El Robocop de El arma en el hombre aparece ya en La diabla en el espejo, ¿de dónde sale?

Yo creo que hay varios elementos que se juntan. Por un lado, la cultura norteamericana violenta que se difunde a través de los medios y afecta a toda Latinoamérica; por otro lado, la cultura militarista norteamericana como factor de desarrollo de máquinas criminales a lo largo y ancho del planeta. Robocop es un anti-héroe. Un tipo que casi no tiene sentimientos ni pensamientos, y que, a través de una larga guerra, un largo entrenamiento y un ejercicio permanente de la violencia como oficio, llega a niveles de deshumanización sorprendentes. Es como la síntesis de esa violencia. Robocop no es malo: su oficio es matar. En Latinoamérica la ficción siempre se queda corta, la realidad es tremenda. La vida no tiene valor en Centroamérica. En España la vida vale mucho; los procesos mentales y emocionales para llegar a la decisión de matar a alguien son muy largos.

¿Qué opinas de la guerra lingüística entre España y Latinoamérica?

Es una actitud imperial vieja la de España. Es como una viejita necia con eso del idioma. Entiendo que los latinoamericanos, tras el imperialismo español, quieran su revancha, pero para mí un español más rico sería el resultante de ambas culturas, ¿no? Claro que sí. Yo creo que la actitud debe ser el respeto y el esfuerzo por comprender. Y hay un factor más importante: para Latinoamérica es más relevante, influyente y determinante el inglés de EEUU que el español de España. Vengo aquí y escribo pick-up. En España, en los ’60, era un tocadiscos y ahora nadie sabe lo que es, pero desde Tierra del Fuego hasta México saben lo que es un pick up. Es un problema complicado. En nuestro español comienza a tener más influencia, a todos los niveles (sintaxis, vocabulario, visión de mundo), el inglés estadounidense que el castellano o el español que se habla en España.
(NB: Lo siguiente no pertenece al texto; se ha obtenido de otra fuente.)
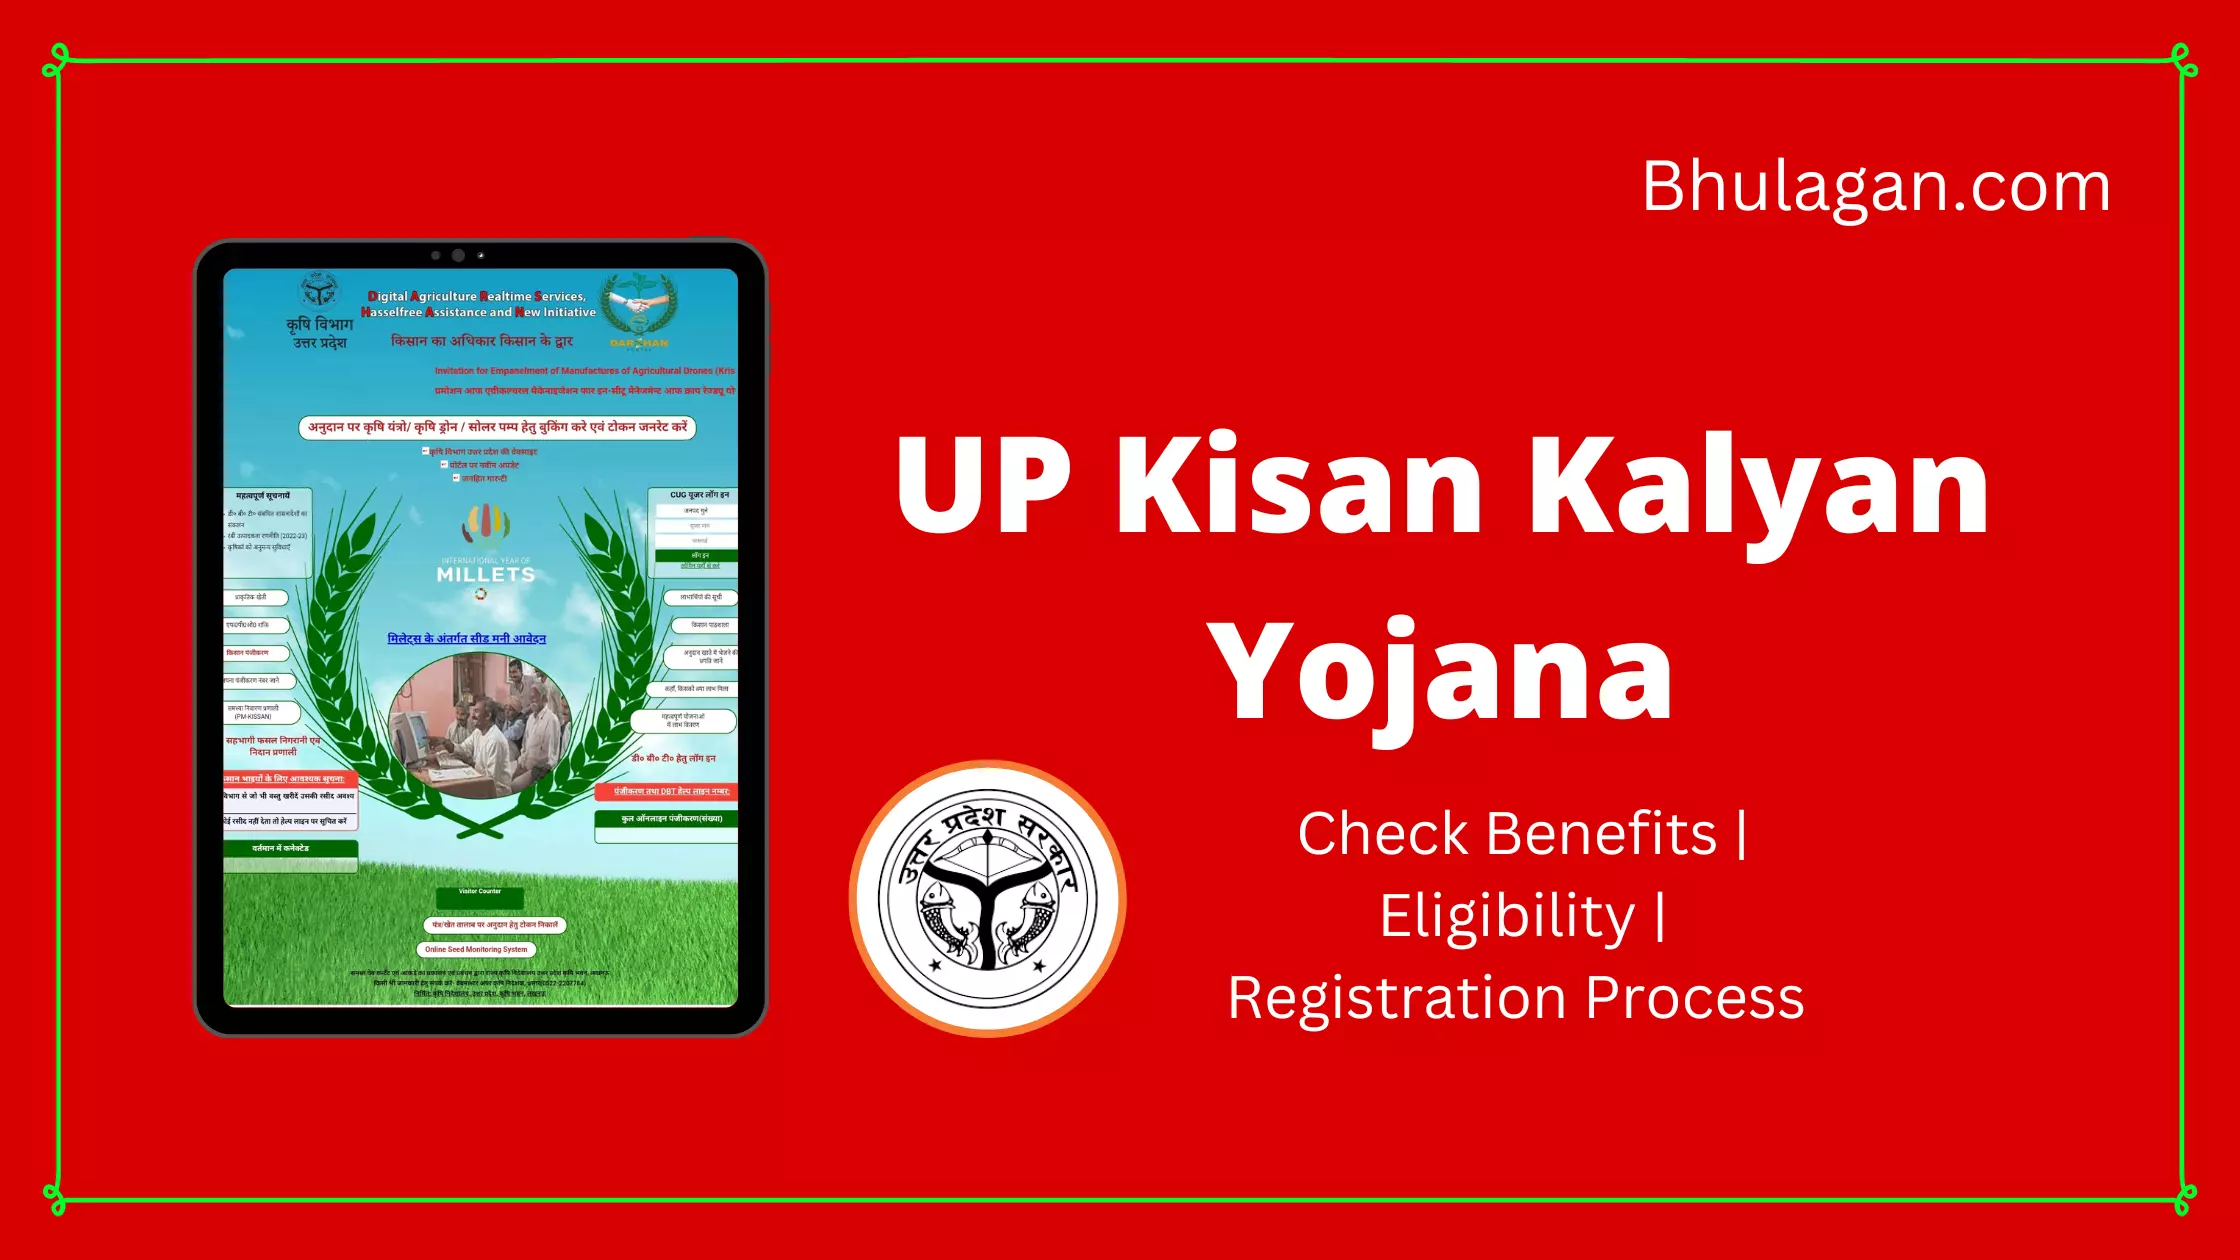 UP Kisan Kalyan Yojana

Sigue siendo castellano, nos seguimos entendiendo, pero la corriente más renovadora y más cambiante, no sé si para bien o para mal, probablemente muchos digan que para mal, viene de ahí. Son hechos, facts.

¿La experimentación con la lengua se está llevando a cabo en América?

La mutación, más que la experimentación. Es una mutación impuesta por el Imperio. ¿Quién controla el planeta?: EEUU. ¿Cuál es su frontera?: América Latina. ¿Quién recibe el impacto más fuerte?: América Latina. Nunca ha habido, desde los tiempos de Roma, un imperio político y económico tan poderoso como EEUU.

¿Así explicas el boom latinoamericano del siglo xx?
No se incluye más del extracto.